Biosynthesis of the 5-Isoxazolidinone-Containing Hexacyclic Structure of Parnafungin.

Abstract

Parnafungins A-D (1-4) are fungal natural products that inhibit eukaryotic poly(A)-polymerase and were first discovered by Merck & Co., Inc., through a Candida albicans Fitness Test (CaFT) screening program. The biological activity of parnafungins is a result of the unique fused hexacyclic structure highlighted by a 5-isoxazolidinone (5ILD) N-heterocycle. In this work, we characterize the complete biosynthetic pathway of parnafungins through heterologous reconstitution and enzymatic assays. Nearly half of the 26-gene biosynthetic gene cluster of parnafungin is responsible for the production of a known polyketide natural product, blennolide C. Starting from the blennolide C fragment, a three-enzyme cascade involving CoA-ligase ParJ, P450 ParO, and DUF829 ParD catalyzes the formal biaryl cross-coupling between blennolide C and anthranilate.

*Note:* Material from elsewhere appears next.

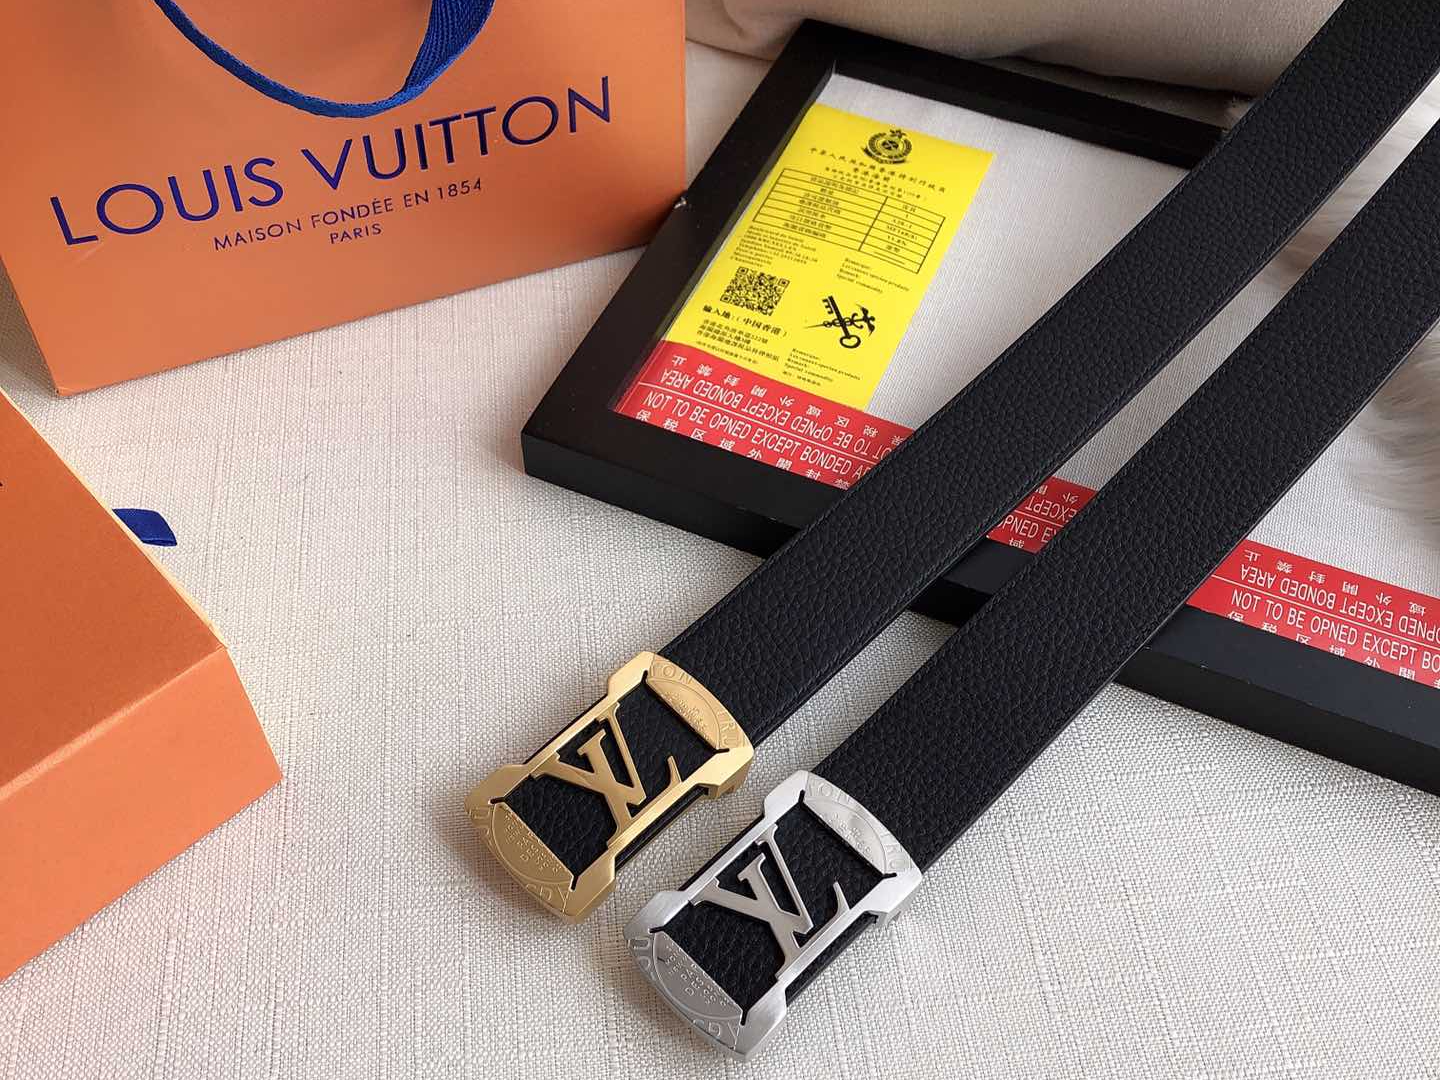 Mua dây lưng Louis Vuitton chính hãng ở đâu?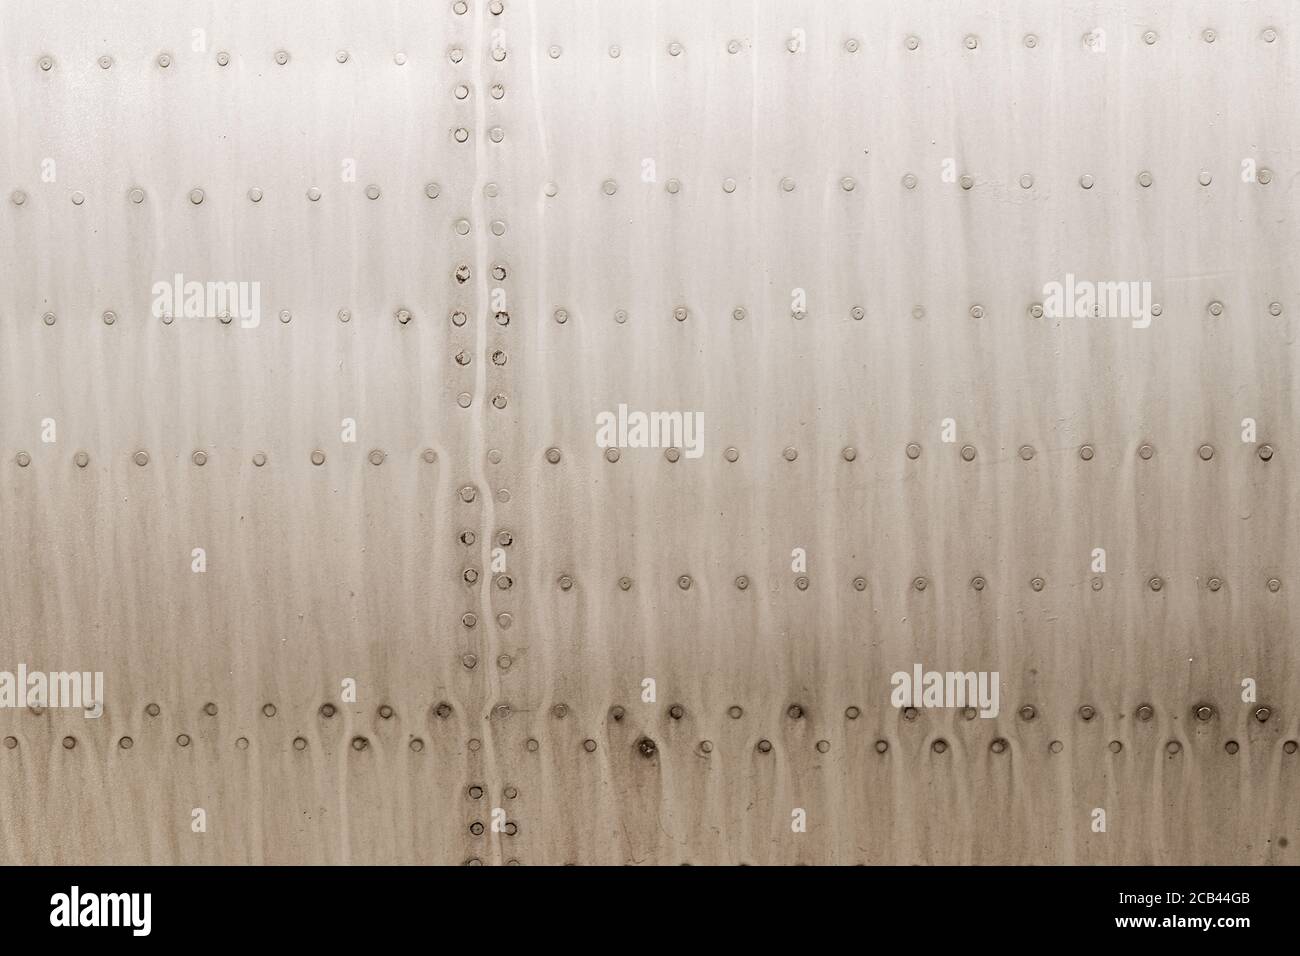 Vecchia superficie in metallo argento della fusoliera dell'aeromobile con rivetti. Foto di alta qualità Foto Stock

Subsequent oxidative cyclization generates a phenanthridine product that is then reduced by atypical short-chain reductase ParT. N-Hydroxylation by flavin-dependent monooxygenase ParB and subsequent lactonization catalyzed by a homologue of dienenolactone hydrolase ParF form the 5ILD ring and complete the biosynthesis of 1 and 2. Methylation of 1 forms parnafungin C (3), and lastly epoxidation forms parnafungin D (4). Together, our work revealed the chemical logic and enzymology in extending the biosynthetic pathway of a well-characterized natural product, blennolide C, to introduce considerable additional structural diversity that affords parnafungins with unique biological activity.